Выключив телефон, генерал подошёл к окну и сквозь серую занавеску увидел перед домом соседей Сироповых дублинский джип и мальчишку в нём, и идущего к машине Глеба и свирепо подумал:
— Допрыгались, твари. Допрыгались, твари, твари… твари…
§ 12
Глеб Глебович вышел от о. Абрама жестоко упитый, почти убитый чудовищной передозировкой диетического кефира. Как это обыкновенно получается после всякой неудачной пьянки, он клялся себе не пить более никогда. «Никогда более не буду пить, — думал он, — кефира, никогда».
К радости Велика, он был совсем трезв, к огорчению — от трезвости этой и кефирного перепоя раздражён и хмур. Он сел за руль, джип захромал домой, провожаемый тяжёлым и чёрным-чёрным, как тень дракона, взглядом синих глаз генерала Кривцова.
Уже настал вечер, некоторыми своими самыми тёмными и холодными местами напоминавший вечность. От домов виднелись только окна и редкие рекламы. В окнах барахтались человеки с ужинами в зубах; переливались, как открытые ларцы, полные сокровищ, телевизоры; пылились шторы.

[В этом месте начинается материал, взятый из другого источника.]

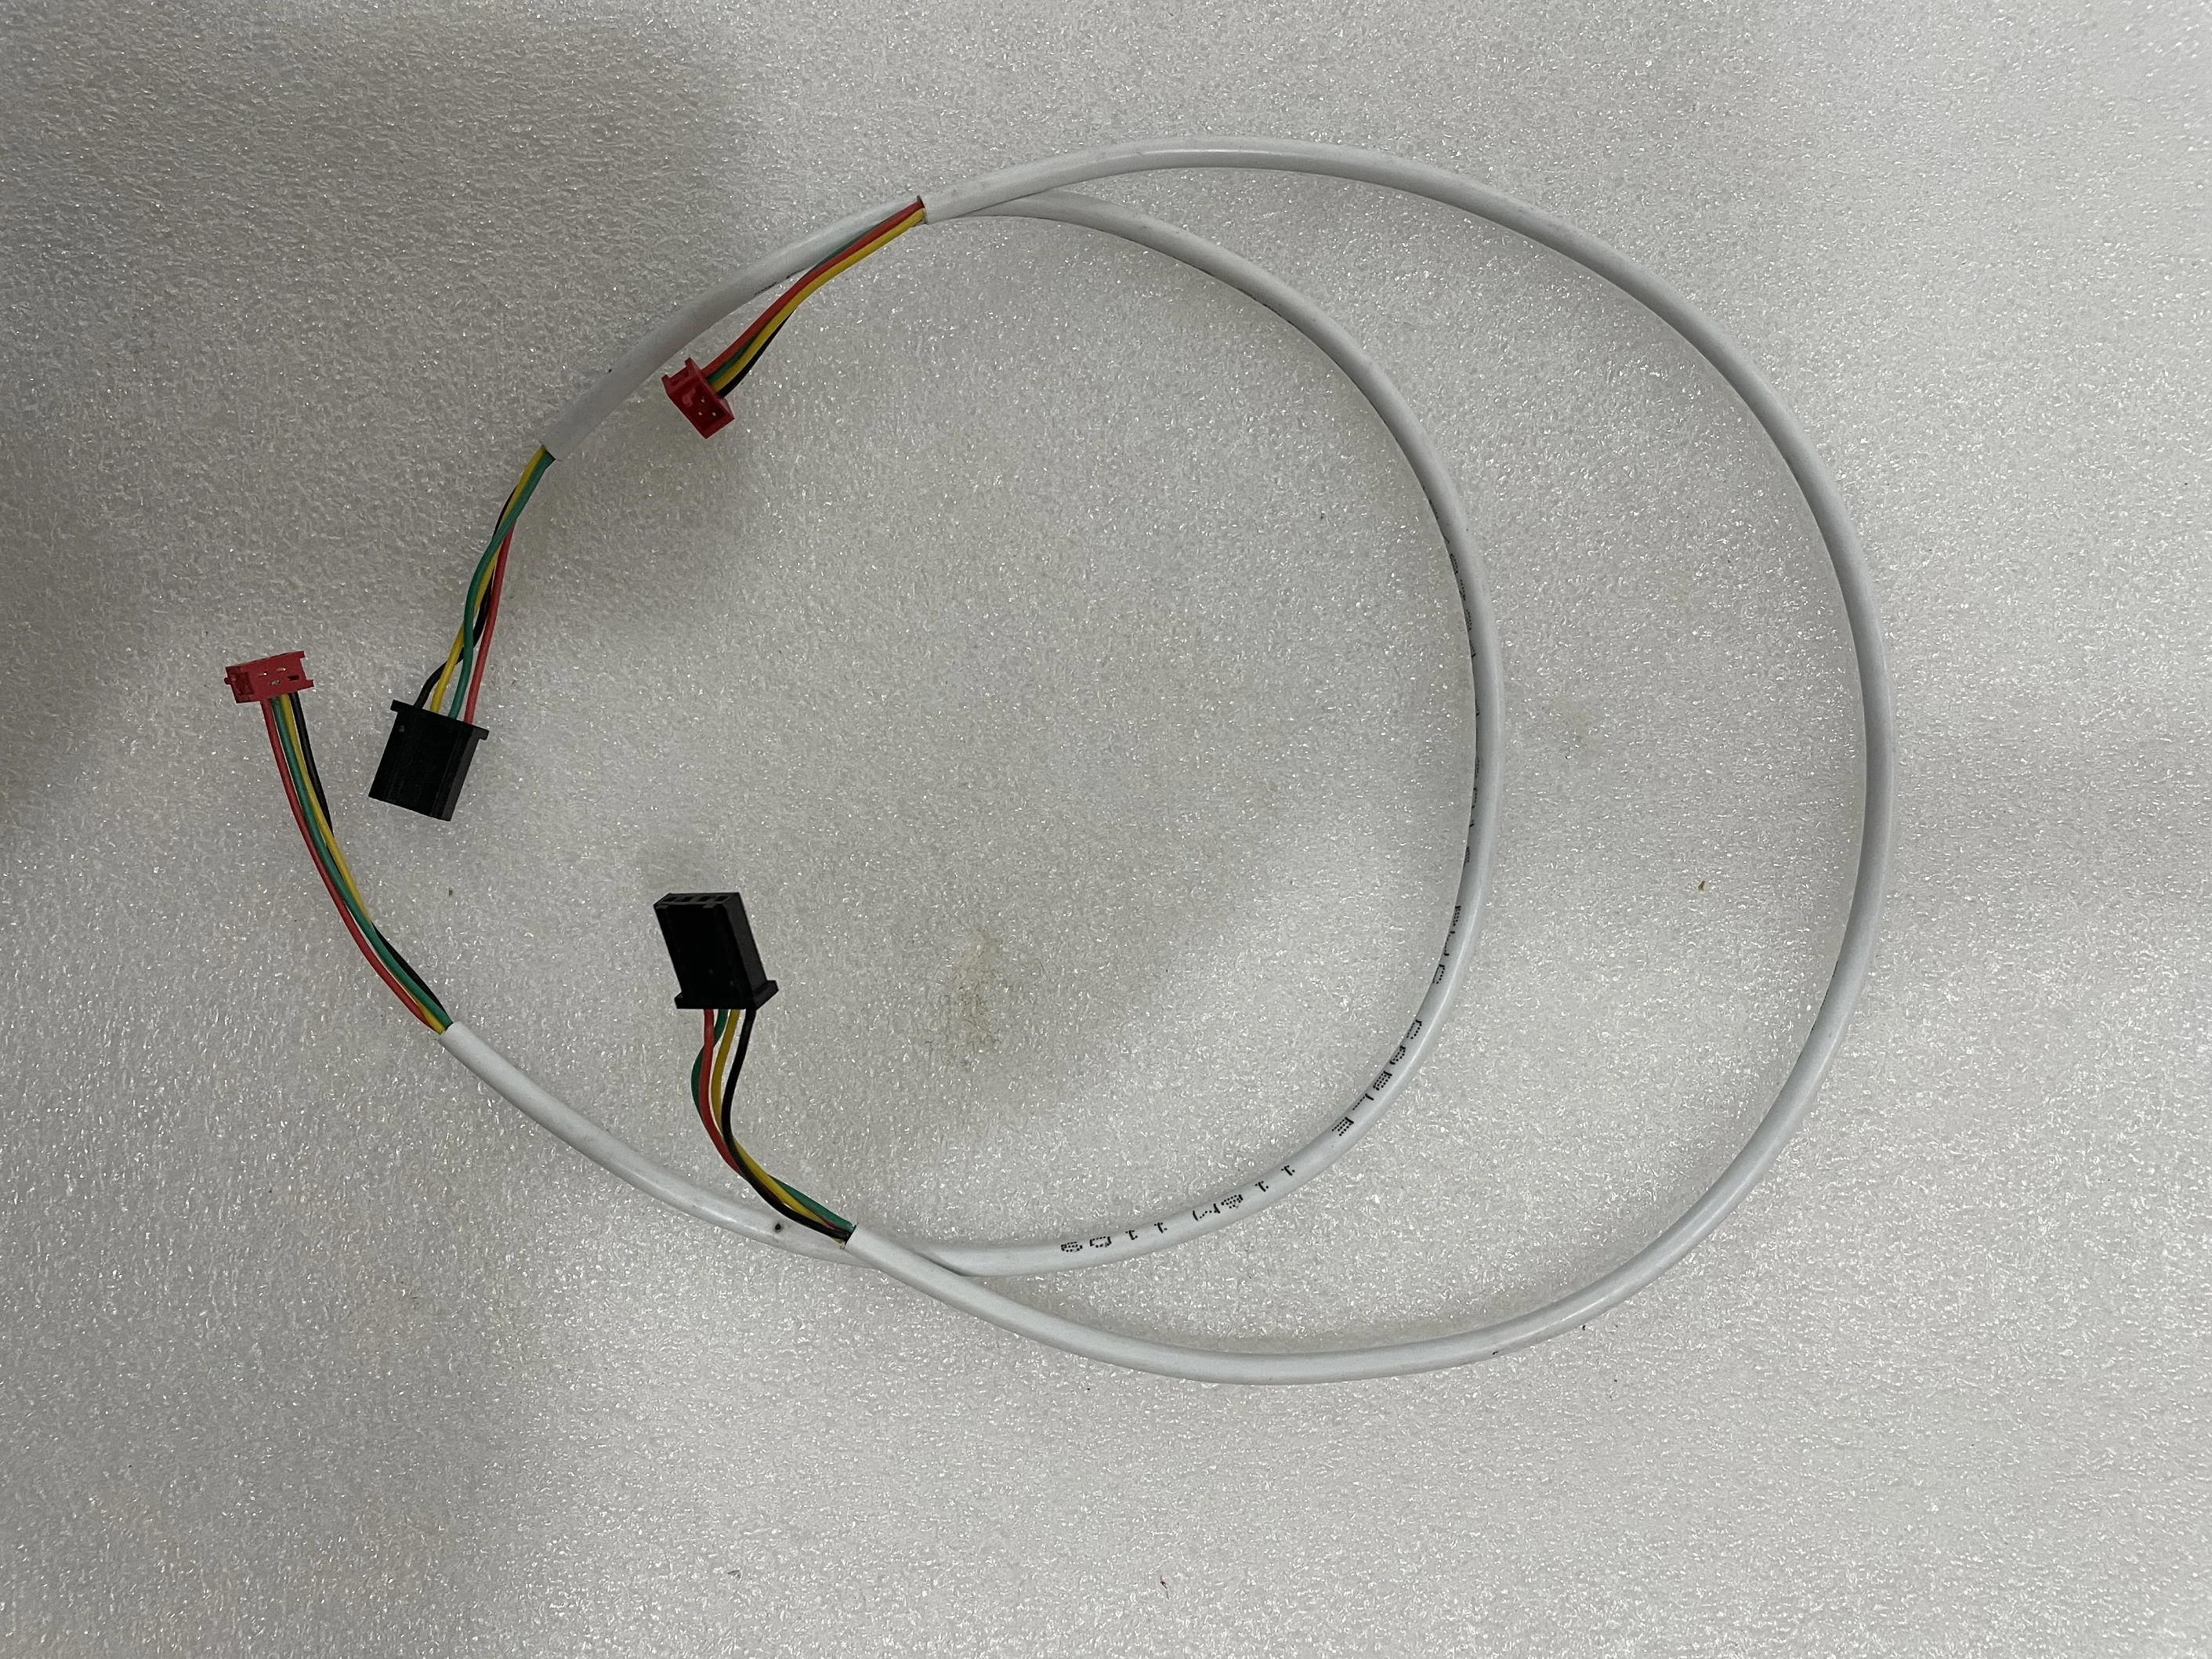 Lonati Strumpfwaren Maschine Verwenden BTSR Kabel Mit Anschlüsse MA150 CR

[Окна, окна! Как я называл вас тогда — маяками покоя? царствиями небесными? — когда бродил, коротая зимнюю ночь, по Москве, молодой и бездомный, два квартала назад получивший по морде от троих заплутавших на суше моряков, четыре часа назад отчисленный из института справедливым начальством; прижимавший к разбитой губе за неимением бинта содранную с забора завода «Пролетарий» афишку планетария; истекавший понемногу кровью, смертельно замёрзший. Как хотелось мне, окна, оказаться там, у вас за стеклом, на стороне тепла, в укромных комнатах, где готовился на газовом пламени приветливо засвистать большой эмалированный чайник. И щепотка душистого чая брошена уже была в фарфоровый чайник поменьше, и нарезаны сыр и хлеб, а добрые люди за столом ласково спорили, выпить им или нет до чая водки, совсем помалу, не для разгула, только для разогрева разговора. Одна из них, ласковая девушка в тонком домашнем халате, в которую все мужчины в этих комнатах были влюблены, разрешала спор, говоря, что если помалу, то можно, и все влюблялись в неё ещё крепче. Доставалась ледяная бутылка, загустевшая водка разливалась по рюмкам. По русскому обычаю, не велящему пить молча, но только под слова, произносились разнообразные краткие заклинания — «ну давай», «будем», «не последняя» и пр. Потом шёл чай, а с ним и тихая, как русская вечерняя песня, беседа — поначалу о том, о сём; позже о Менатепе и Америке; дальше о Бродском, Хокинге и капитане Арктика; ближе же к утру, к заре, к свету — о боге… Окна мои, как я хотел пить этот воображаемый чай и сидеть рядом с этой тёплой девушкой и быть одним из этих добрых людей. Но я шёл один по вымершей вымерзшей улице и не знал, где преклонить главу, одежда на мне была как изо льда, я не был добрым человеком, был злым. Вокруг меня лунно желтели и толпились, теплились, отражаясь в моём треснувшем лице, — вы, московские окна… окна…]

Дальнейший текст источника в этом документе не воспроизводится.